No, selective migration allows the cream of the crop to put their skills to better use. African-Americans lag far behind the majority after many generations, as do Hispanics (I can’t say much about Native Americans since so many live on reservations) who have lived for quite a long time in New Mexico. Garret Jones has shown that the average IQ of immigrants home countries is a good predictor of how succesfull they will be here. It’s true that many Irish and Japanese immigrated to the U.S when their countries were poor and they are no longer near the bottom of the heap. It is also true that Ireland and Japan are quite wealthy countries these days.
artocrat
Mar 12 2008 at 3:12am
Walter Russell Mead’s “God and Gold” provides a good framework for this discussion.
ChrisA
Mar 12 2008 at 2:25pm
I have read the book sometime ago, and I keep thinking about it but I still haven’t decided whether the basic thesis is correct (that the differences in national wealth are due to differences in character). I have lived in many developing countries over the past 15 years, and invariably the quality of the average worker is poor, outweighing any compensation of lower wages. For instance in Egypt, most expats look for Filopino maids rather than employ the locals, at 5 times the cost. Those that try to buck this approach usually regret it. It is simply not worth the lower productivity of employing the locals. I can think of many examples where, even decades after an industry has been established in most developing countries, likely there will be expats in the leadership – at probably 10 to 50 times the cost of the locals. This is true in hotels, oil and gas and other extractive industries. The fact that these costs have not been competed away is a good support for Clarks theory. OTH we have examples of long time poor countries (eg Ireland, Spain, Korea, Taiwan) which suddenly become rich, surely their genes or culture didn’t change overnight? And no-one can say that good institutions and incentives are at least necessary if not sufficient after the recent experience of China. One thing I wonder is if signalling can be driving some of the lower productivity, for instance in a less developed country the investment is usually led by an outsider, in which case how can they interpret who is good or bad? In the case of the expat maids, being Filipino in Cairo is a good signal to an expat, Egyptian maids are not able to provide any such signal, and therefore no-one is willing to hire them at high rates therefore there is no incentive on them to raise their game so to speak.
Steve Roth
Mar 13 2008 at 9:57am
IMHO, neither Clark nor Diamond’s arguments manage to rise above the statistical noise.

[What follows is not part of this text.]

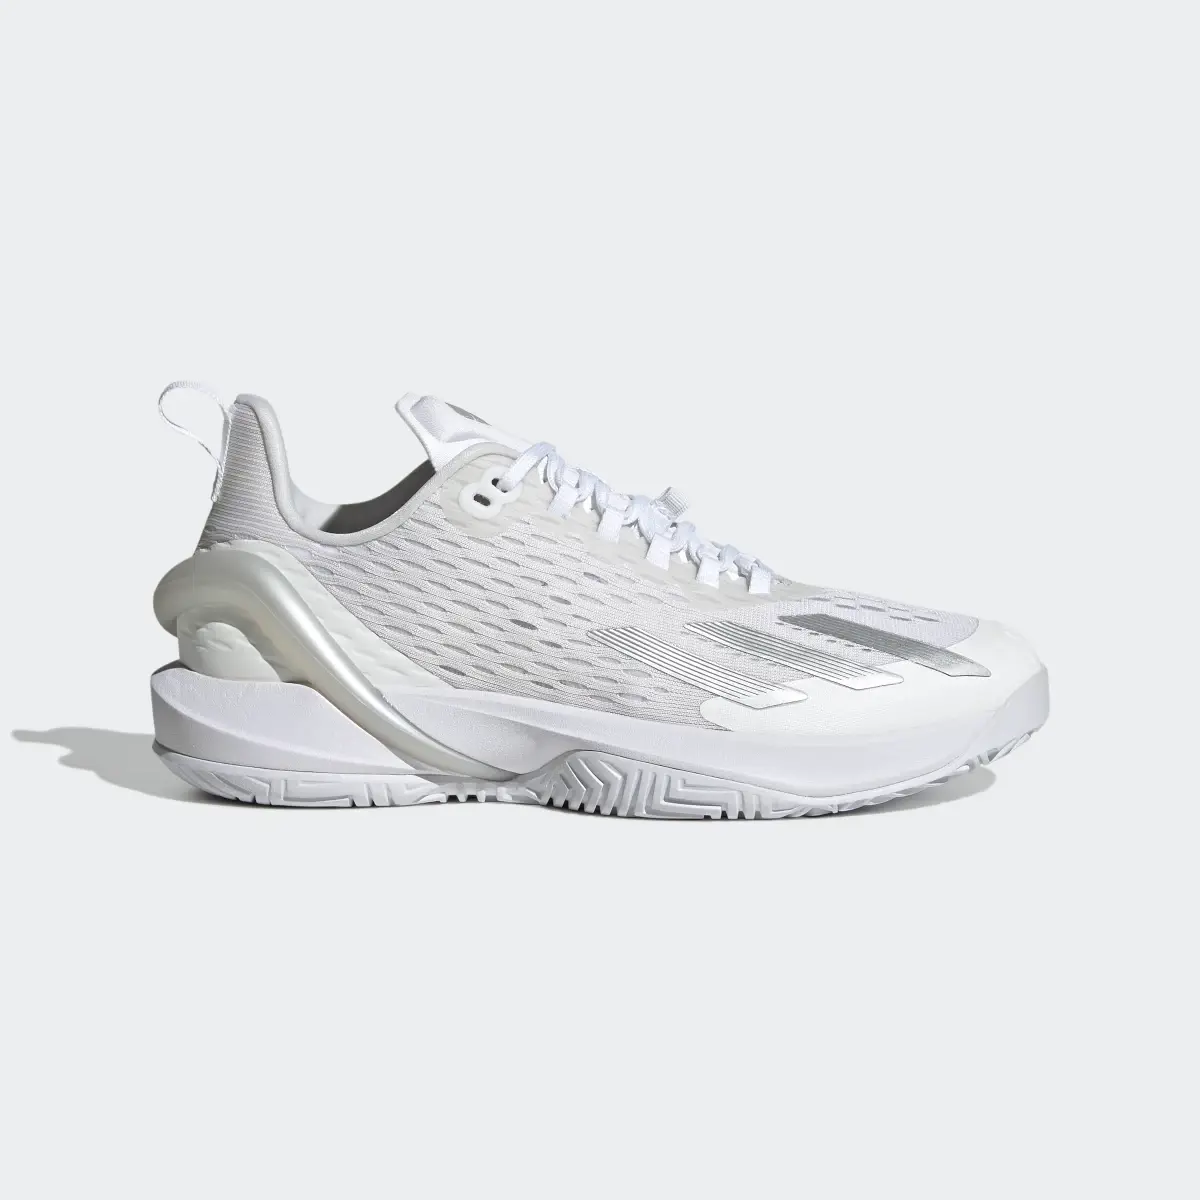 Adidas adizero Cybersonic Tennis Shoes. 2

IOW, after millenia, eventually some culture was going to hit the steep rise in exponential growth–a rise that happened in just a few centuries. Many factors might affect which culture that was.

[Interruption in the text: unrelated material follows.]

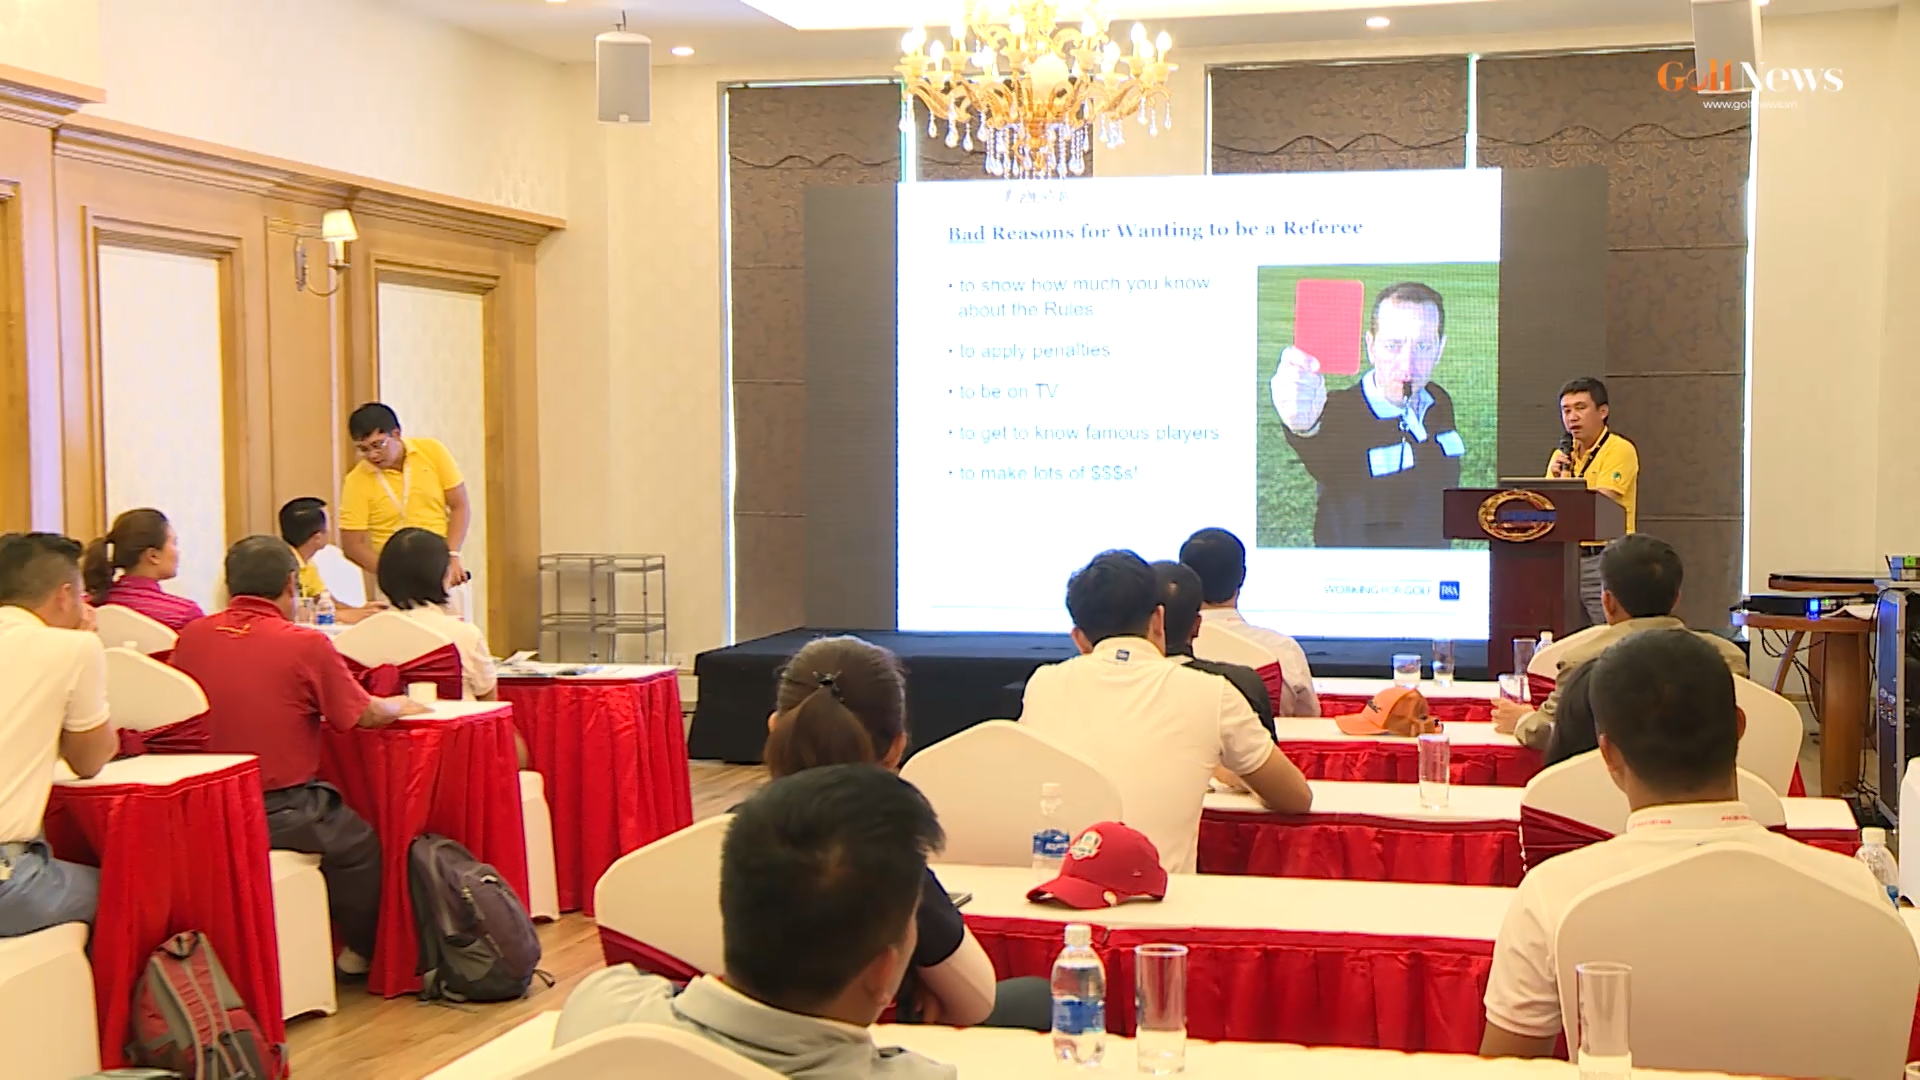 Lớp Trọng tài R&A Level 2: Góp phần nâng cao chuyên môn ngành golf Việt

Determining which factors caused a given culture to get there first is like determining which point on the american coast would get the first hurricane hit in a given season–far too many factors involved to point to any particular factor, or small set of factors.
Clark and Diamond’s (quite transparently ax-grinding) arguments fail to convince me that they’re any better than positing “the luck of the draw.”
ChrisA
Mar 14 2008 at 2:08am
Steve
You may be right about that industrialisation had to happen sooner or later to one country. But now it has happened to one, why hasn’t it spread to all other countries? Clark is very persuasive in showing that India for instance in the middle of the 19C had pretty much the same incentives for investment as the UK (access to capital, rule of law etc) but India did not (and still hasn’t) got industrialised. There must be some other missing factor that allows for industrialisation, if we knew what it was perhaps we can raise more people to a decent standard of living.